Lodge played 12 games for Manly in the 2025 NRL season as the club finished 10th on the table.

===North Queensland Cowboys===
On 2 December 2025, Lodge signed a one-year contract with the North Queensland Cowboys. On 13 August 2026, the North Queensland outfit announced that Lodge had been released from his contract and would take up an opportunity with English side Leeds for the remainder of 2026.

===Leeds Rhinos===
He made his Leeds Rhinos début in the 16-66 win over York Knights on 23 August 2026, coming off the bench after 37'

==Representative career==
Lodge has played for the Australian Schoolboys.

In 2011, Lodge played for both the New South Wales Under 16s and Under 18s teams.

In 2013 and 2014, Lodge played for the New South Wales Under 20s team. Lodge was representing the NSW under-20s side when he was given a 3-week suspension after he was televised with the word "CUNT" clearly written on his wrist strapping.

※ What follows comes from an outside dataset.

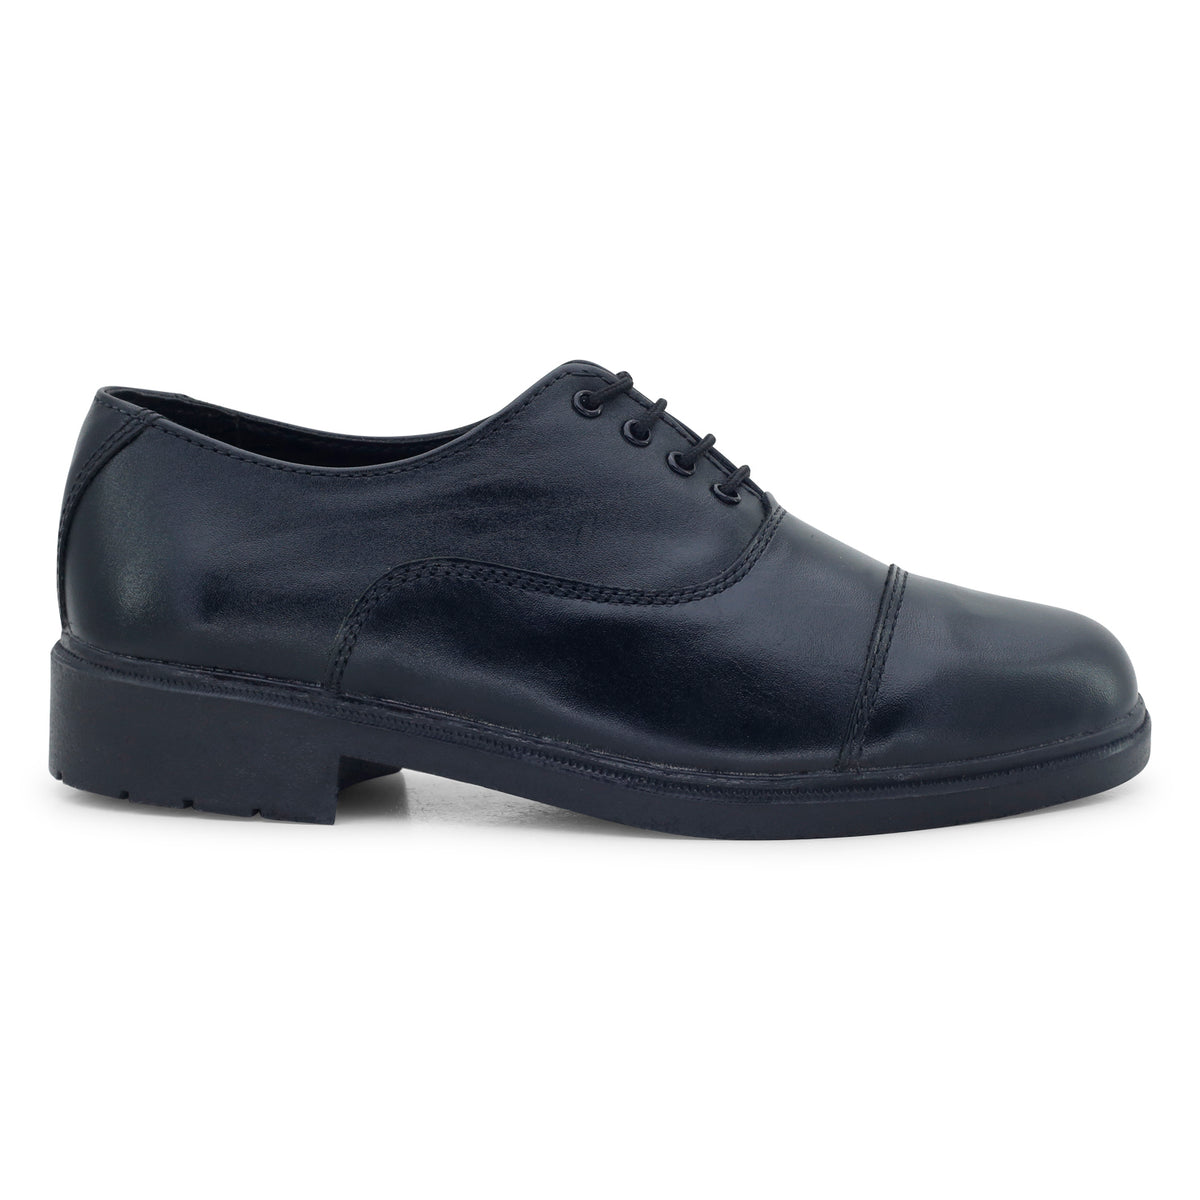 bata men's formal shoes online shopping

On 2 May 2015, Lodge played for the Junior Kangaroos against Junior Kiwis.

== Statistics ==
- stats correct as of the end of round 10 2026

| Year | Team | Games | Tries | Pts |
| 2014 | Wests Tigers | 4 |  |  |
| 2015 | 8 |  |  |
| 2018 | Brisbane Broncos | 25 | 3 | 12 |
| 2019 | 22 | 1 | 4 |
| 2020 | 6 |  |  |
| 2021 | 12 |  |  |
| 2021 | New Zealand Warriors | 6 |  |  |
| 2022 | 8 |  |  |
| 2022 | Sydney Roosters | 9 | 2 | 8 |
| 2023 | 9 |  |  |
| 2023 | Manly Warringah Sea Eagles | 3 |  |  |
| 2024 | 9 |  |  |
| 2025 | 12 | 2 | 8 |
| 2026 | North Queensland Cowboys | 9 |  |  |
| 2026 | Leeds Rhinos | 1 |  |  |
|  | Totals | 149 | 8 | 32 |

As of 23 August 2026

==Assault charge and lawsuit in New York and NRL controversy==
On 16 October 2015, Lodge was arrested and charged with assault after he threatened two German tourists, chased them into a New York apartment building, and attacked a man who attempted to help. He proceeded to break into and smash furniture in the man's apartment, including punching a wall through the bathroom door where a nine-year-old boy was hiding, before being stopped by police. He was initially charged with felony burglary causing injury, but it was reduced to a misdemeanor charge of reckless assault as part of a plea deal. The victims then filed a civil lawsuit against Lodge for US$2 million in July 2016. In December 2016, Lodge avoided jail time, and was ordered to complete 200 hours of community service, quit drinking, and receive alcohol abuse and anger treatment. Lodge signed a 1-year contract worth an estimated AU$85,000 with Brisbane Broncos for the 2018 National Rugby League season. The NRL were scrutinised for supporting Lodge and allowing the deal to happen while the victims have not been legally compensated.